-- WORK INSTRUCTION --
Please output the listing exactly as it stands, but omit any images.

-- TASK INPUT --
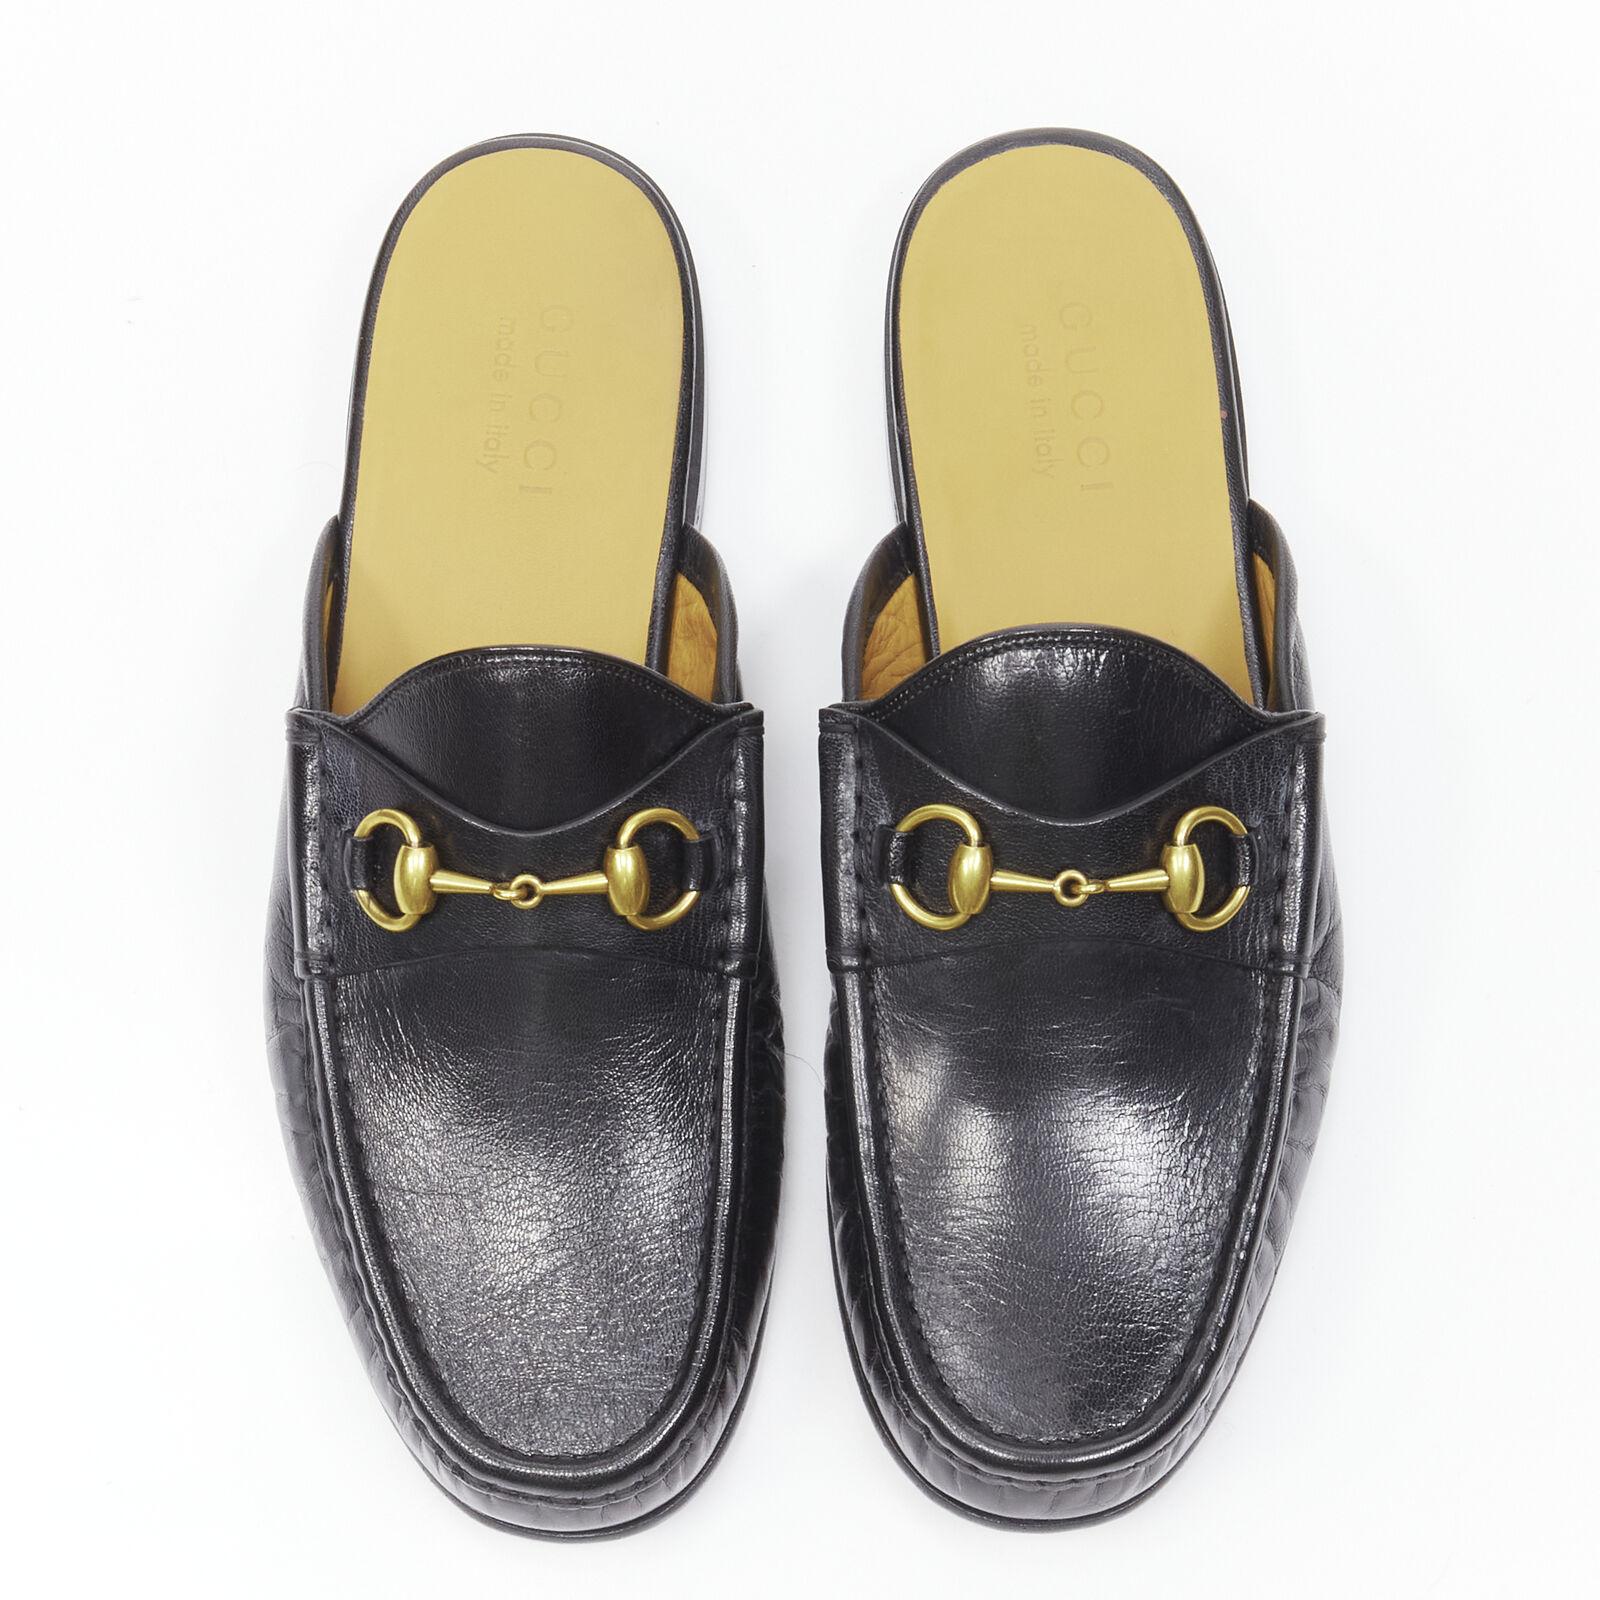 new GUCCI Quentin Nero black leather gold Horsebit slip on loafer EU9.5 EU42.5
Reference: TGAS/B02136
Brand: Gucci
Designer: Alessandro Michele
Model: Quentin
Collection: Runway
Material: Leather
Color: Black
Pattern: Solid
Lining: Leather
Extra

-- OUTPUT OF THE TASK --
 new GUCCI Quentin Nero black leather gold Horsebit slip on loafer EU9.5 EU42.5
Reference: TGAS/B02136
Brand: Gucci
Designer: Alessandro Michele
Model: Quentin
Collection: Runway
Material: Leather
Color: Black
Pattern: Solid
Lining: Leather
Extra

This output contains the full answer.